Regulasi yang dimaksud adalah Perda nomor 7 tahun 2003 tentang Pengusahaan Tembakau di Jember.

“Perda tersebut sudah tidak relevan dengan kondisi saat ini, yang mengakibatkan tidak adanya Komisi Urusan Tembakau Jember (KUTJ) yang berfungsi sebagai jembatan antara pemerintah, pengusaha dan petani tembakau,” lanjutnya.

Untuk itu, Candra mendorong Pemkab Jember agar segera menyusun revisi Perda pengusahaan tembakau tersebut.

“Di beberapa daerah lainnya, Komisi Urusan Tembakau telah berjalan dengan baik, sehingga tidak putus komunikasi.
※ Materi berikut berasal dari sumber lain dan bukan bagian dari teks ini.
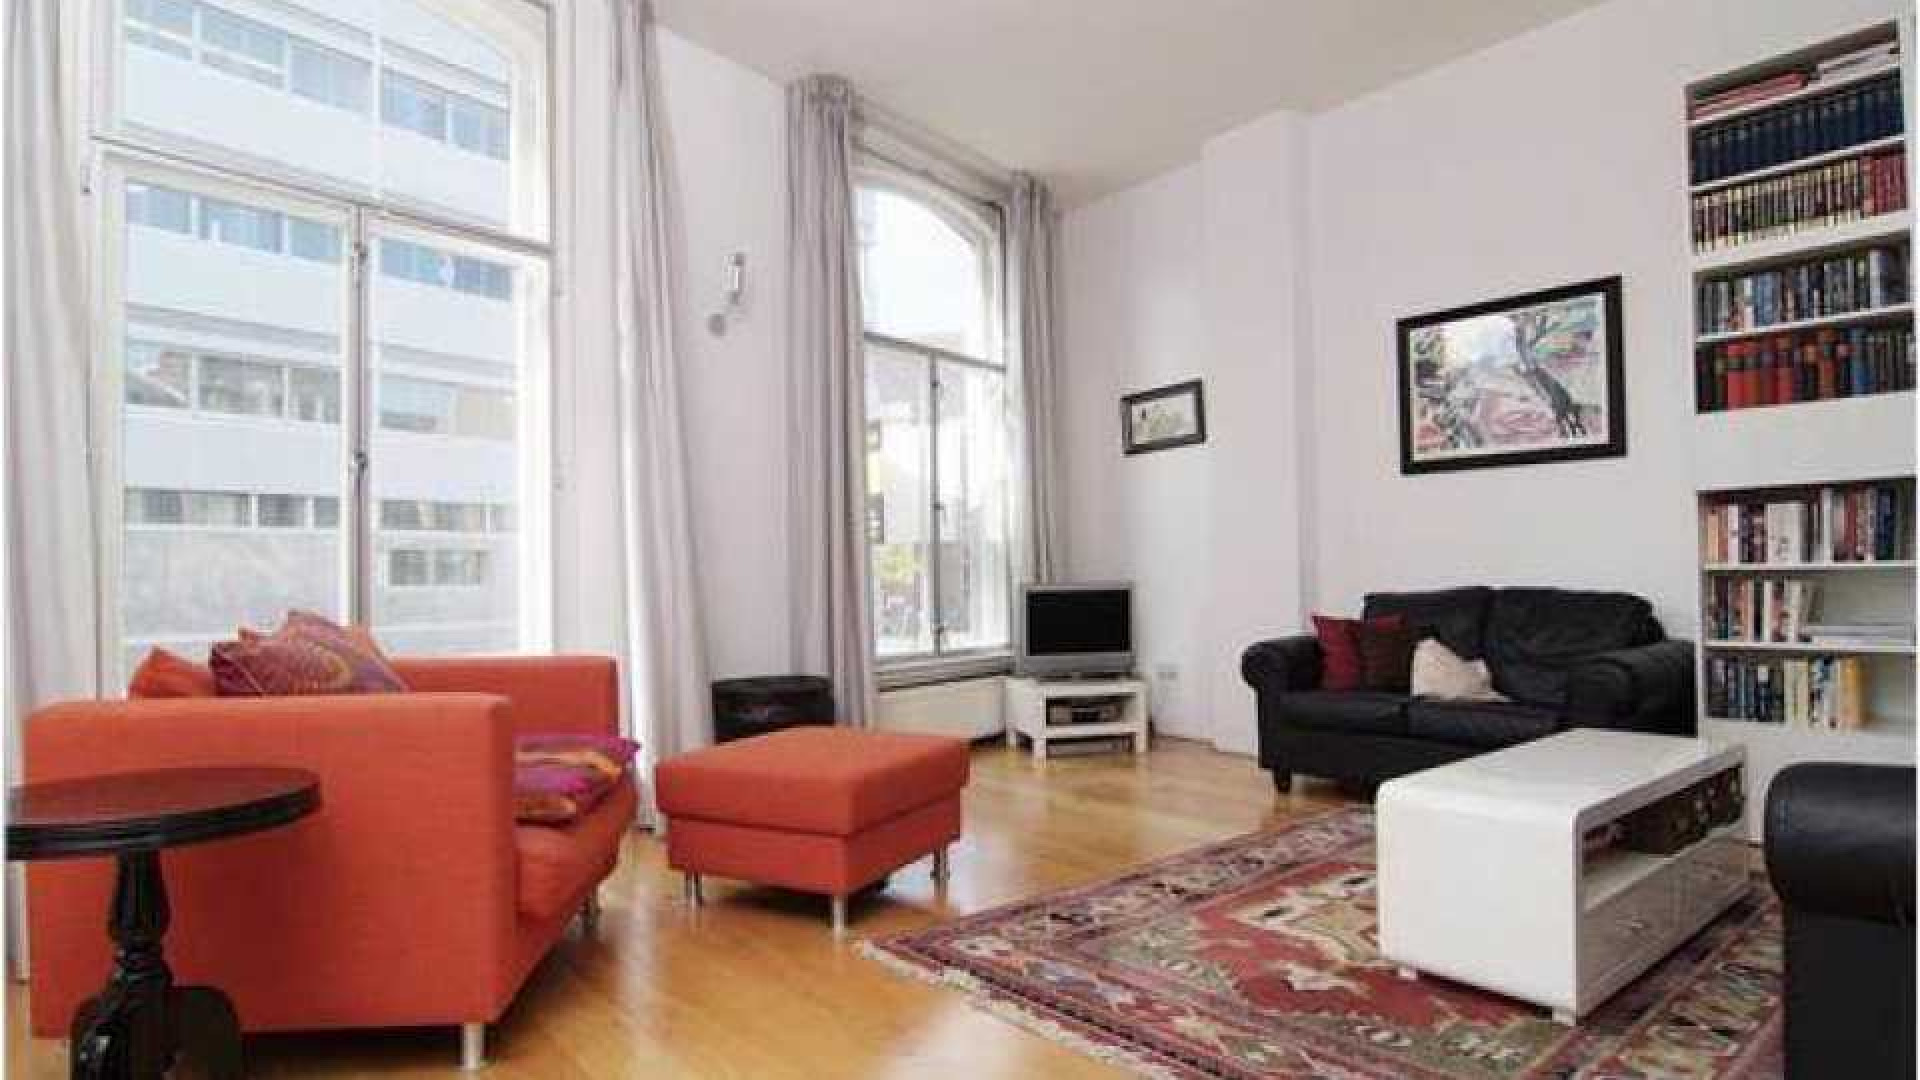 Charles Groenhuijsen huurt leuk appartement in centrum van Utrecht. Zie foto's 10

Sehingga hal-hal yang menyangkut pertembakauan, sejak proses penanaman, pemupukan hingga berapa jumlah luasan lahannya yang dibutuhkan perusahaan, termasuk juga berapa nanti prediksi harganya itu sudah terkomunikasikan dengan baik, sehingga petani punya pandangan, kira-kira tahun depan mau tanam tembakau atau tidak,” pungkasnya.